Given that the third outing in most franchises is a dud – The Godfather 3, Spider-Man 3, the next Transformers outing – were you in any way nervous about dropping the ball here?
You have to consider the source. This is Pixar. How many Academy Awards?
Six, seven thousand, or thereabouts…
Yeah, so they’ve got a whole basket, and a truckload of kudos and honours, over the years, and I know them well enough, and I’ve worked with them long enough, to know, it’s because they just work hard at it. They will never rest on their laurels, and that’s what happened with The Godfather 3, or whatever; they got a little bit lazy. Or they didn’t consider the audience. Well, with Pixar, every single film they do, they do it as though it was the very first one. And they’re trying to prove themselves. It’s extraordinary.
So, you’re returning to Hammy the Piggy Bank after ten years. Miss him?
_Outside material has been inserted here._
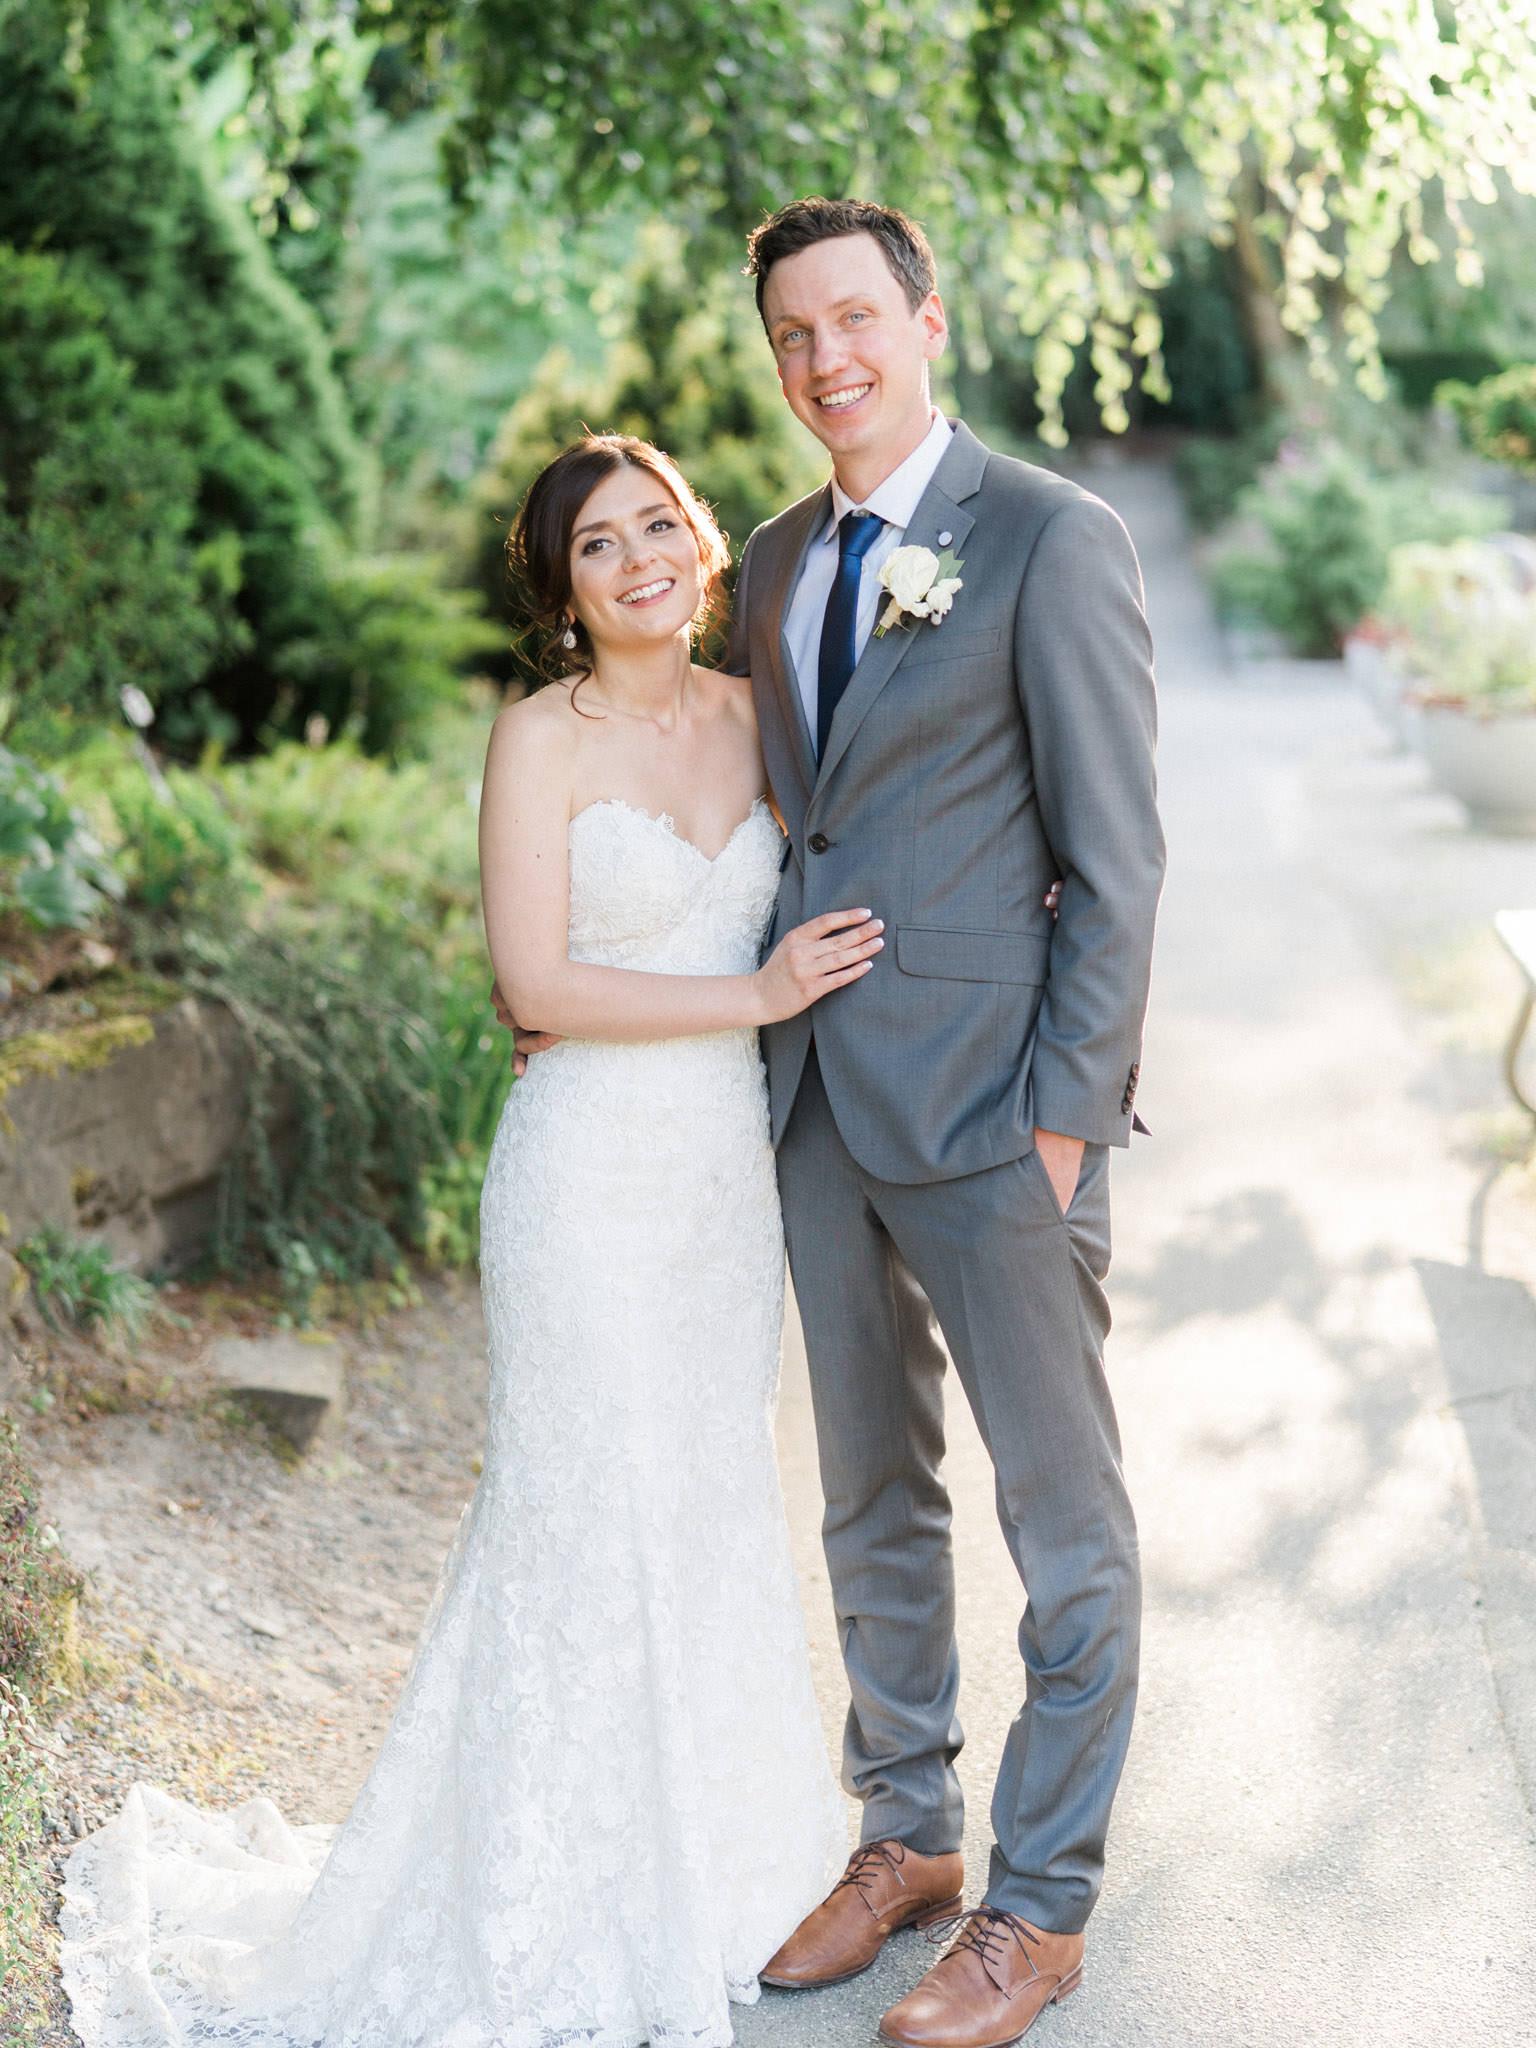 VanDusen Garden wedding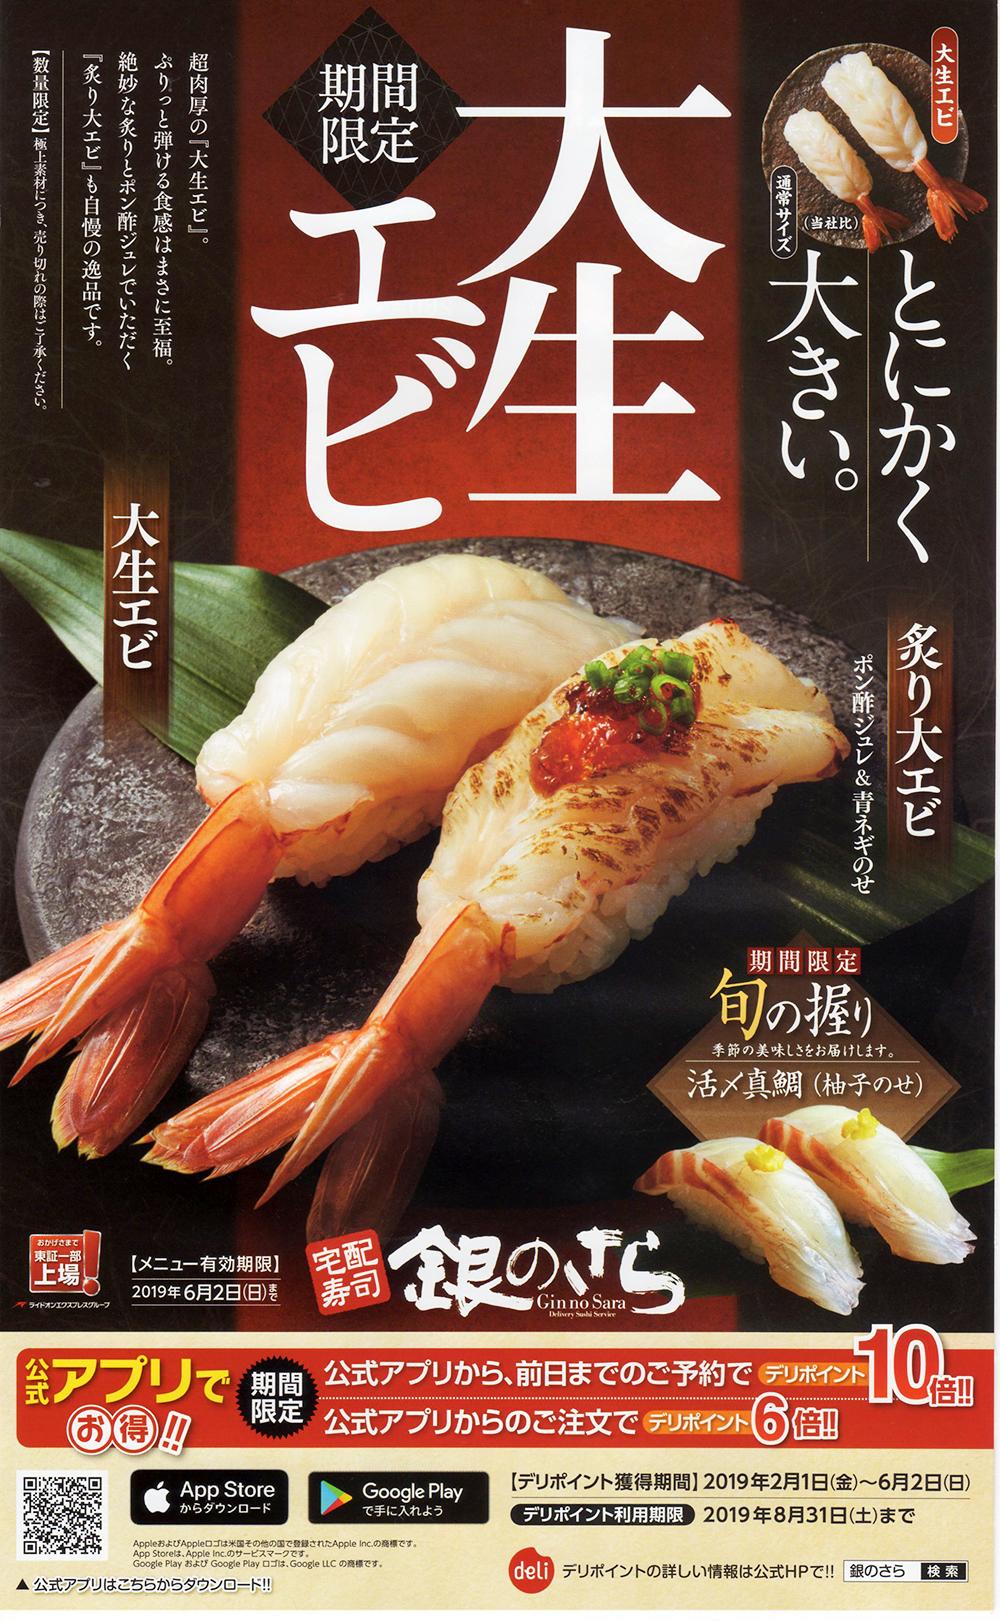 【期間限定】大生エビ「宅配寿司 銀のさら」

I never left the character, because what happens is, I bump into people at the airport, or friends of mine, and they’ll say, ‘Oh, oh, my four-year old loves Hammy The Pig’. And I usually say, ‘Well, get them on the phone. What’s his name?’. And so, you talk to the kid, ‘Hey, Jason, it’s Hammy The Pig. I understand you’re not eating your spinach!’. And so, I’ve been doing that since the first Toy Story came out. It’s always in my pocket somewhere.
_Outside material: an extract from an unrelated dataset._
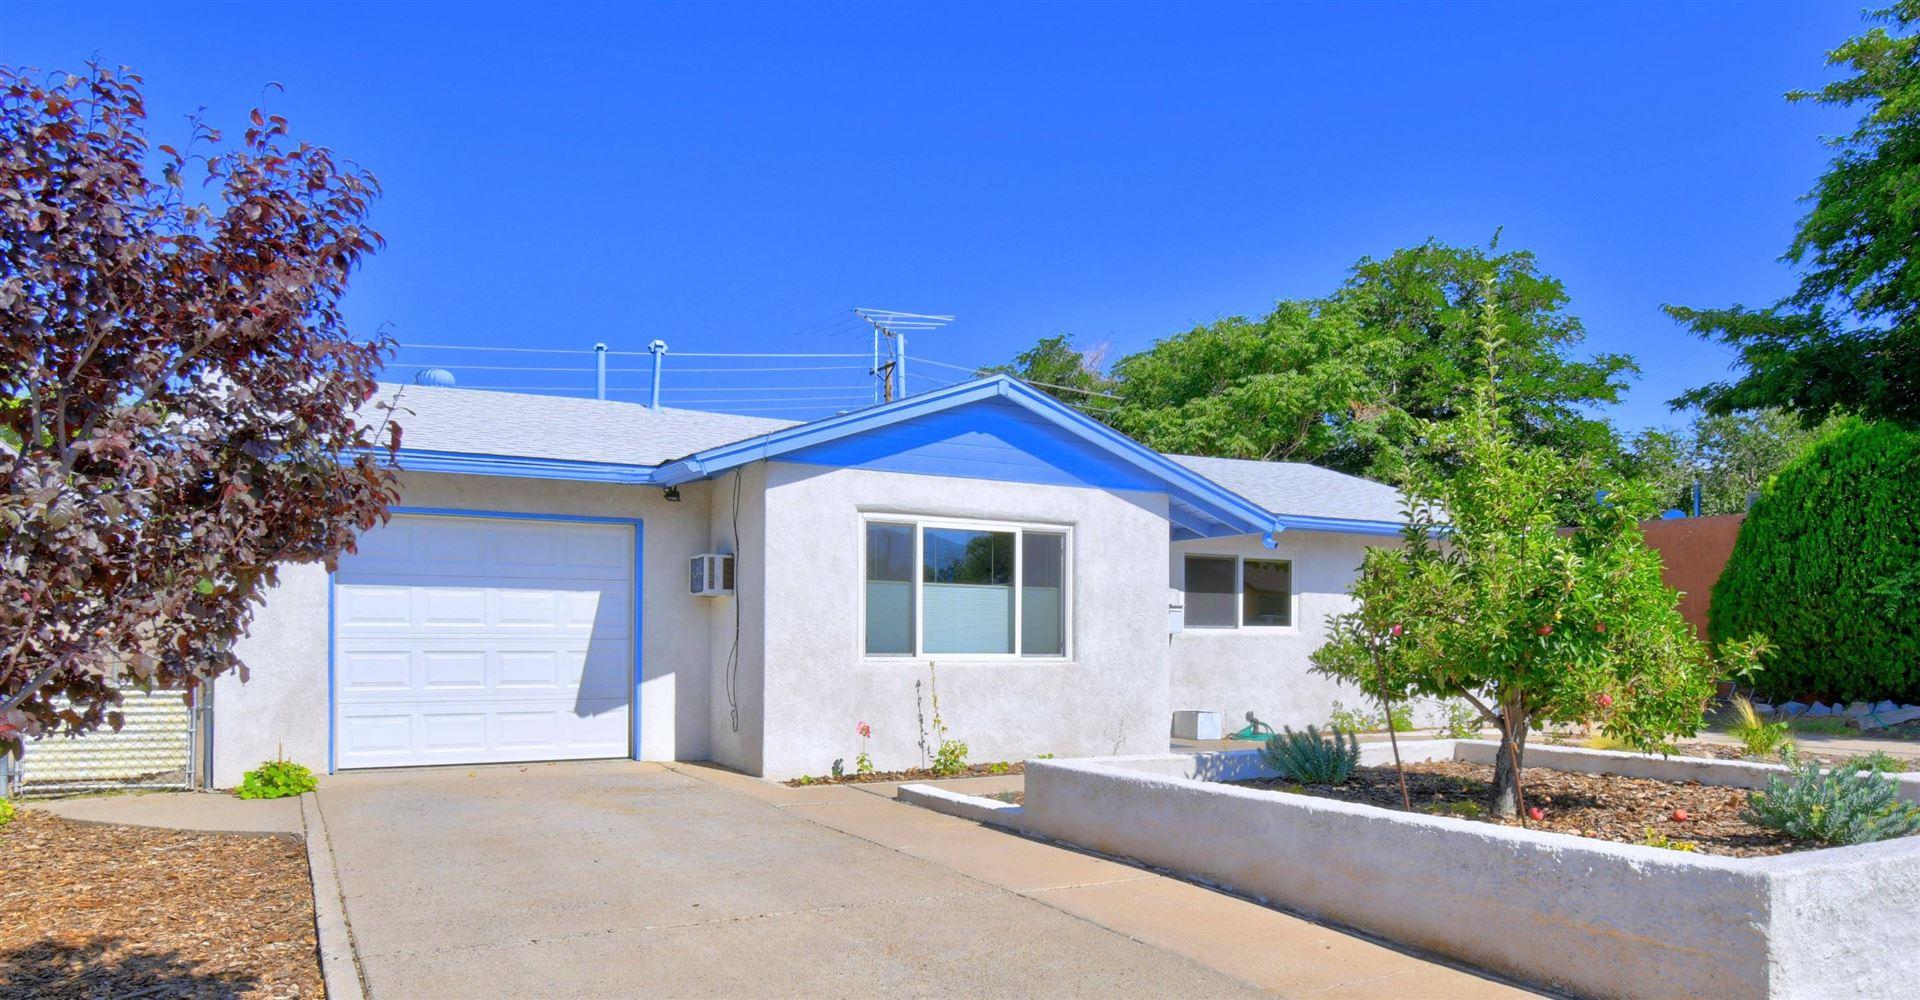 1405 GLORIETA Street NE, Albuquerque, NM 87112 - MLS#: 999471

Do you find there’s a new generation know you now for Pixar as opposed to Cliff Clavin?
Oh, with the kids, absolutely. It’s either Cliff, or the pig, or Mack The Truck.
I was delighted to read that you’re actually the sixth most successful actor of all time. Thanks to the likes of Pixar, The Empire Strikes Back and Superman, your films have garnered over three hundred billion at the box-office. Given that Pixar is in fine health, and you’ve still got a few years left in you, I’m guessing you’re aiming for that number one spot…
You never know. I only found out this fact recently, and it’s pretty incredible to me. I just have the touch…
That would be nice, to have on your business card – ‘John Ratzenberger: The No.1 Box-Office Star Of All Time’.
[Laughs] Yeah, just that. No phone number, no address. Do you know what, I will do that. But it’s all a case of right place, right time. There’s no explanation. None. During The Empire Strikes Back, I was living in an abandoned building in London. The green grocer down the road would save his rotten vegetables, and I would carve out the rotten bits, and put it in a pot, and make a stew or soup, out of a stove I’d made out of an old oil drum. A wood stove. So, to me, getting The Empire Strikes Back, was just some much-needed work, but I was throwing rocks at rats back home. I wasn’t thinking about worldwide success, or fame.
You’ve got some other claims to fame, besides your fine acting skills. You started Eco-Pak, and you might be running for office in your native Connecticut…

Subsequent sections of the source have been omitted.